My wife and I were genuinely in love with each other and although she is no longer here, my love for her has not changed at all. We used to have weekly "dates" and they could be as fancy as going to the theater to enjoy the symphony or an opera or as simple and warm as taking a walk in the woods near our neighborhood. We also went to dinner many times without our children; it was just for us to enjoy each others company. I loved those moments! How sublime it was!
When we watched a film, or a documentary together we weren't just watching movies together, we sat side by side skin-to-skin holding hands like two little children loving each other tenderly, or I would massage her feet or be resting my head on her thigs; I loved that!
Our intimacy had everything a man and a woman can do to feel loved, without limits, free. We also enjoyed having fun and tender moments. We joked with our children saying, "Mom and Dad are having a romantic shower! Please don't bother us!!!" - "Disgusting!" they would shout.

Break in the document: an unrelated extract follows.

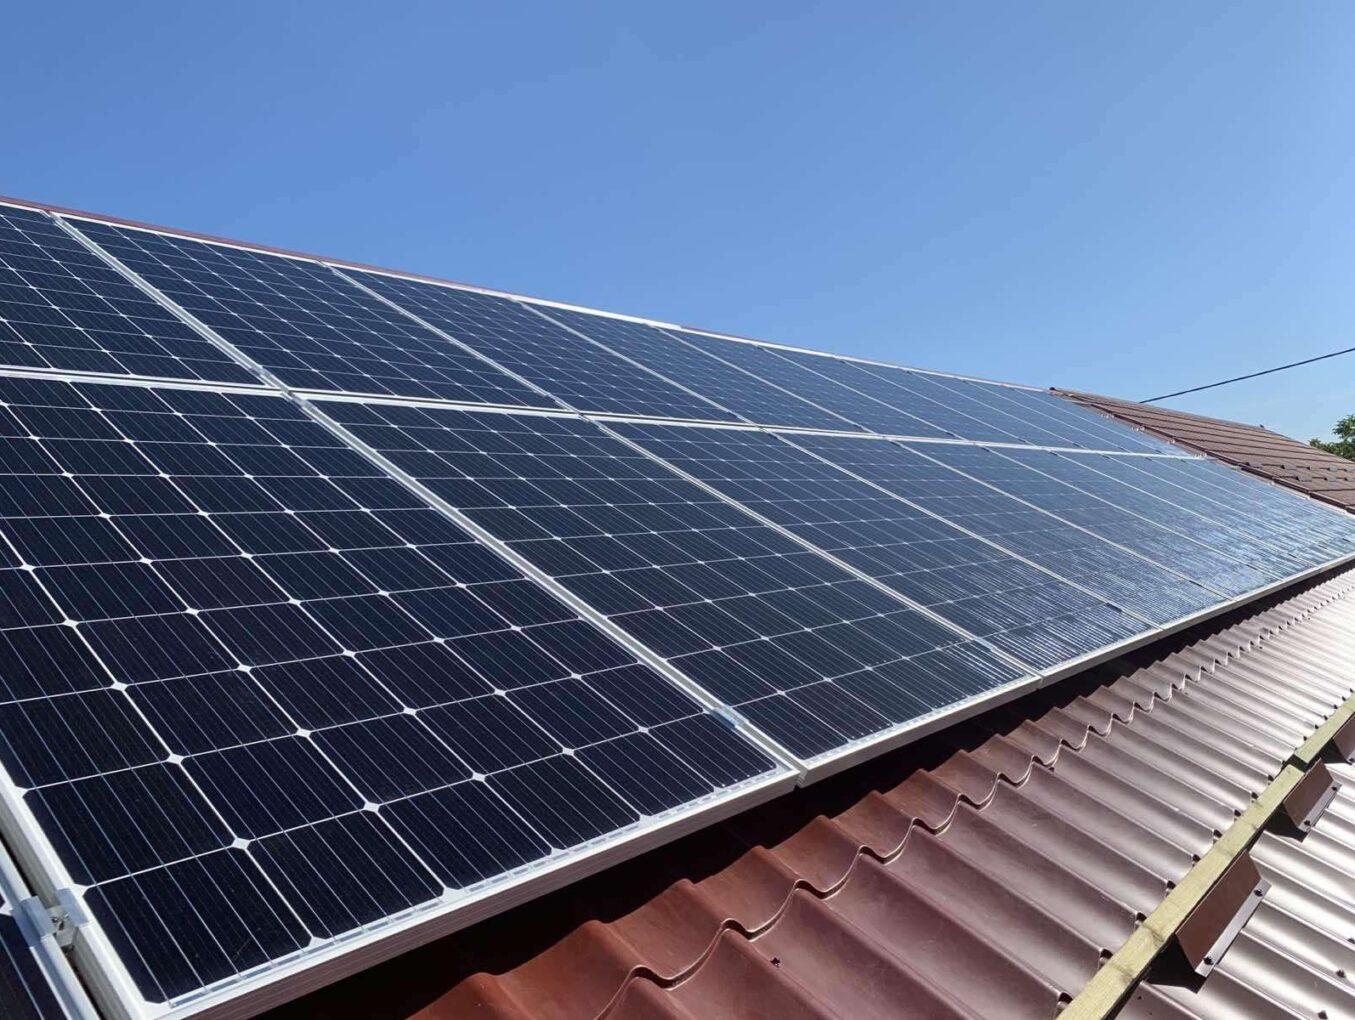 JAVNI POZIV - Sufinanciranje korištenja obnovljivih izvora energije za proizvodnju električne energije u kućanstvima za vlastitu proizvodnju

Those showers were special! She liked very hot showers; me not so much, but I would get used to the hot water after a couple of minutes. We took turns bathing our bodies, every inch, and then we would fuse in a long hug as the hot water ran through our bodies. How can I forget that?
Did we have dark days? Yes, of course we did but we never question our feelings for each other and we always worked at listening and understanding one another. This was our secret, besides I thought that she was the most beautiful person in the world! Every love relationship needs to be maintain, take care of; it is like a tree, with no water, nutrients the tree will die. Our tree was very healthy when she started her journey into the next life.
Christina and I always did something special on our anniversary. On that special day of the year we would go to Cypress Mountain or Manning Provincial Park for a long walk in the snow. After our walk we would have dinner either at a restaurant or we would cook something really special. Last year we went to Manning Park, so this year I will recreate that walk as a tribute to her memory and the love I feel for her.